Hello,

Perhaps someone can help me out. I found this post that summarizes my issue, but it doesn't really explain the way to resolve it:
http://www.ubercart.org/forum/support/19084/stop_catalog_category_redirect

I have a client using Drupal 6 + Ubercart + the Catalog submodule of Ubercart to display categories of products. If someone goes to a good URL there are no problems, so for example if they go to http://www.mystore.com/catalog/t-shirts, and that exists, then no issues.

However, if someone goes to a URL that does NOT exist, let's say http://www.mystore.com/catalog/something-that-does-not-exist, then it takes the user to http://www.mystore.com/catalog rather than a 404 not found page. The problem I am having with this, is that somehow Google has indexed a large handful of bad URLs, possibly from a previous version of the site, and when we go to those pages, they all redirect to the same place: mystore.com/catalog.

Google doesn't like this because they think we have a rather large number of pages with the exact same page content (in fact, the number of pages is infinite: mystore.com/catalog/mickey-mouse, mystore.com/catalog/m-i-s-s-i-s-s-i-p-p-i, and so on). We have used the redirect module to handle a handful of them, but it's not a total fix as new ones are found, and it doesn't alter the behavior.

Furthermore, I don't like this behavior either. I am using a very nifty module called search404, that intelligently suggests what actual page a user might be looking for based on keywords it finds in the URL a user tried. So if there is a page at mystore.com/t-shirts, and the user tried mystore.com/shirts, then search404 would suggest the t-shirts page. But when it just redirects to /catalog instead of serving up a 404 page, I lose that cool feature.

So, very long explanation. Sorry about that. But the question I have is, how can I alter the Catalog submodule of Ubercart in Drupal 6 to NOT behave this way? I want it to serve up a 404 instead of going to /catalog, and I'm to the point where I am willing to hack the uc_catalog module to do it (gasp).

My apologies if this is a duplicate post.

Thanks!

Comments

longwave’s picture

Status: Active » Fixed

This is a feature of Drupal itself, rather than a bug in Ubercart. Paths without aliases resolve to their parent path if the child does not exist - for example /catalog and /node/% are unaliased paths, so if you visit /catalog/something-that-does-not-exist and /node/1/something-that-does-not-exist you will see the parent pages in both cases.

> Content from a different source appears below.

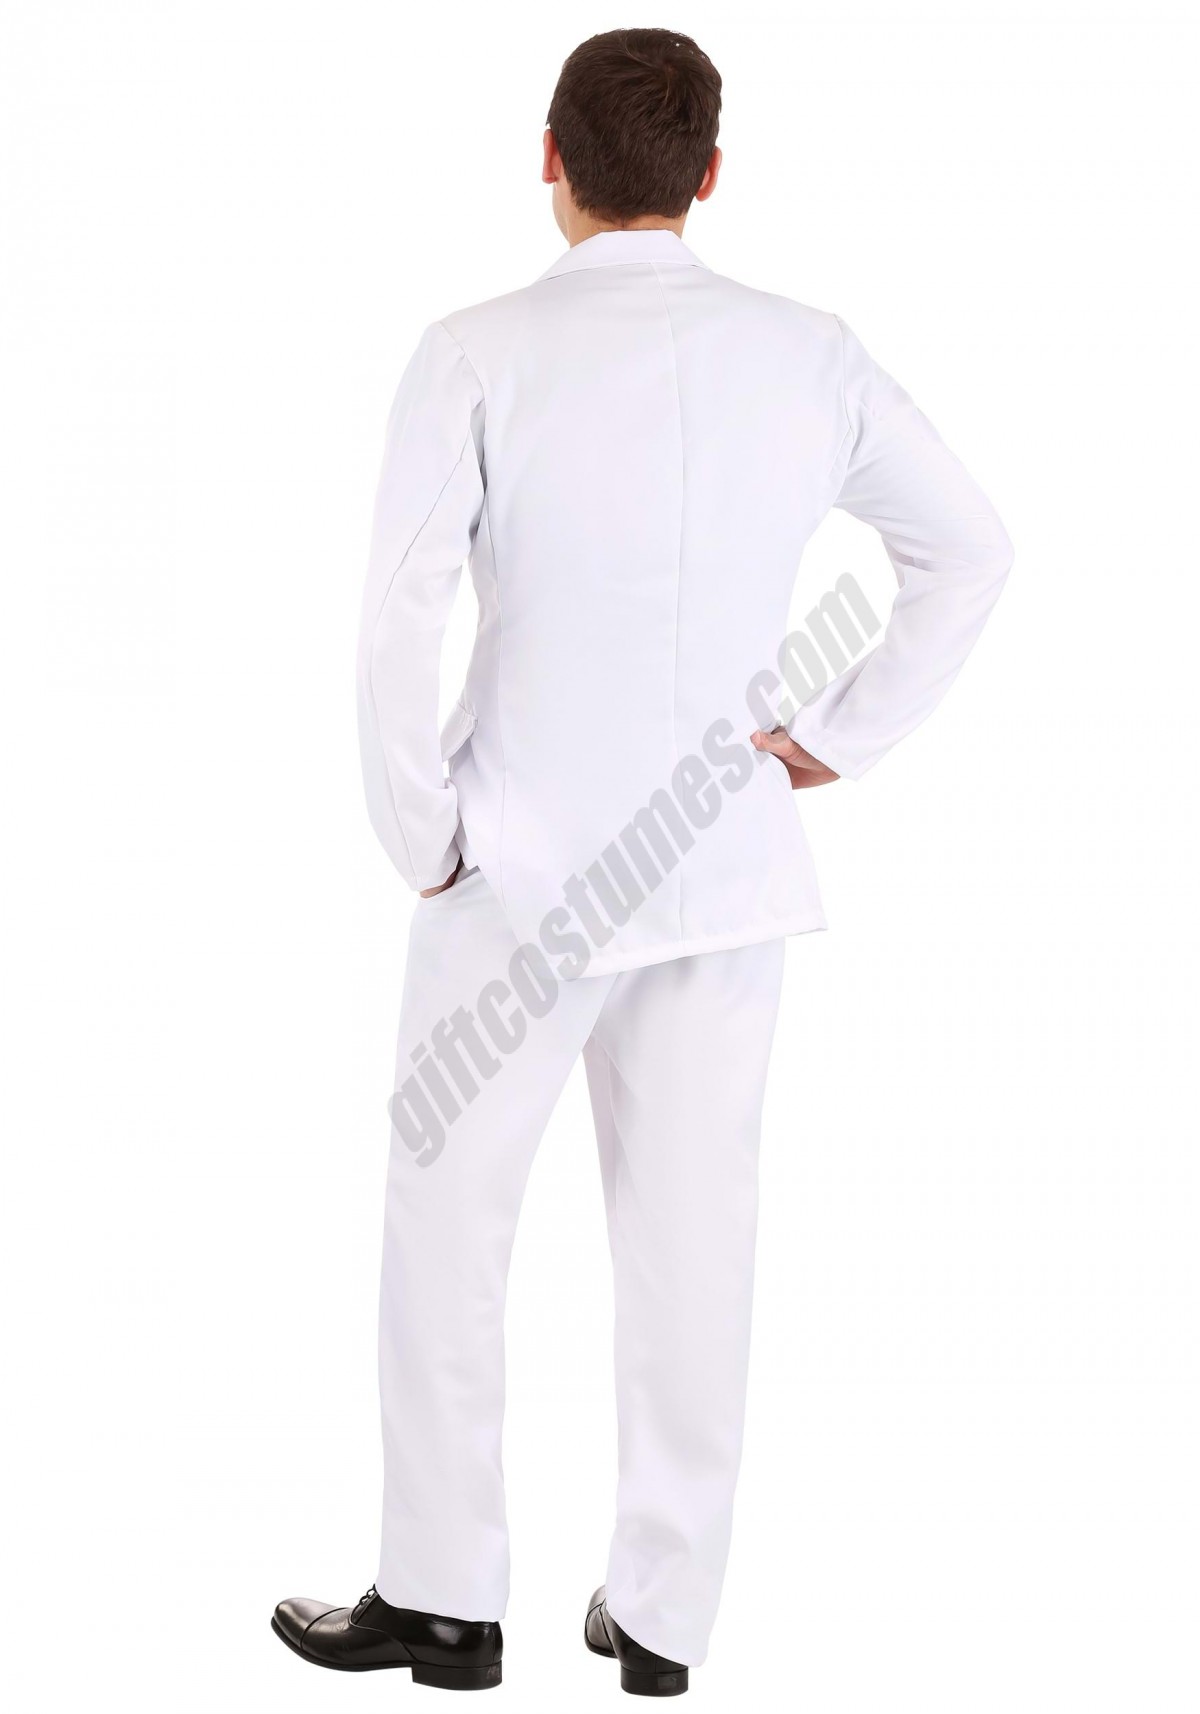 Men's White Suit Costume - -6

Instead of fixing this by returning 404, you might want to try installing a module that provides a "canonical URL" such as canonical_url or nodewords. This should tell Google and other search engines that /catalog and /catalog/something-that-does-not-exist are the same page and the correct URL is just /catalog, and eventually they should forget about the unwanted pages. You can also use xmlsitemap module to give further hints to search engines about the URLs they should index.

If you really want to return 404s instead for these URLs, there is a sandbox module which claims to be able to do this at https://drupal.org/sandbox/pwolanin/1197046 but I have not tested this.

longwave’s picture

Alternatively a quick hack to fix this in 6.x might be to override theme_uc_catalog_browse() in your template.php, and call drupal_not_found() or redirect to a 404 page if arg(1) is not a number, I think this should also work.

TR’s picture

Status: Fixed » Active

Well, that's a Drupal thing that you don't like, not an Ubercart thing. Try it yourself; this issue has a URL of https://drupal.org/node/2083667 - go ahead and add on some bogus path like you did with the catalog, for instance https://drupal.org/node/2083667/m-i-s-s-i-s-s-i-p-p-i. What happens?

In fact, more generally, that's the way HTTP URLs work. To do something otherwise is best handled within Drupal core or by a contributed module.

404s are not great for your page ranking either. The best thing to do in your situation IMO is to add redirect entries in your .htaccess for those improperly indexed pages to force Google and other bots to remove the bad links from their index. As an example:

RewriteRule    ^catalog/bad-link$    http://example.com/catalog/good-link    [R=301,L]

or

RewriteRule    ^catalog/bad-link$    http://example.com/obsolete-product    [R=301,L]

(where /obsolete-product is a page you create that explains this is no longer a valid product and offers links to the catalog etc.)

And yeah, there's probably also a way to hack Ubercart to reject bad terms, but that's not something we're going to put into Ubercart for Drupal 6 because that version is almost end-of-life. And the catalog has been re-written in Views for Drupal 7, so changing this behavior falls to Views, not Ubercart, in D7.

TR’s picture

Status: Active » Fixed

Status: Fixed » Closed (fixed)

Automatically closed -- issue fixed for 2 weeks with no activity.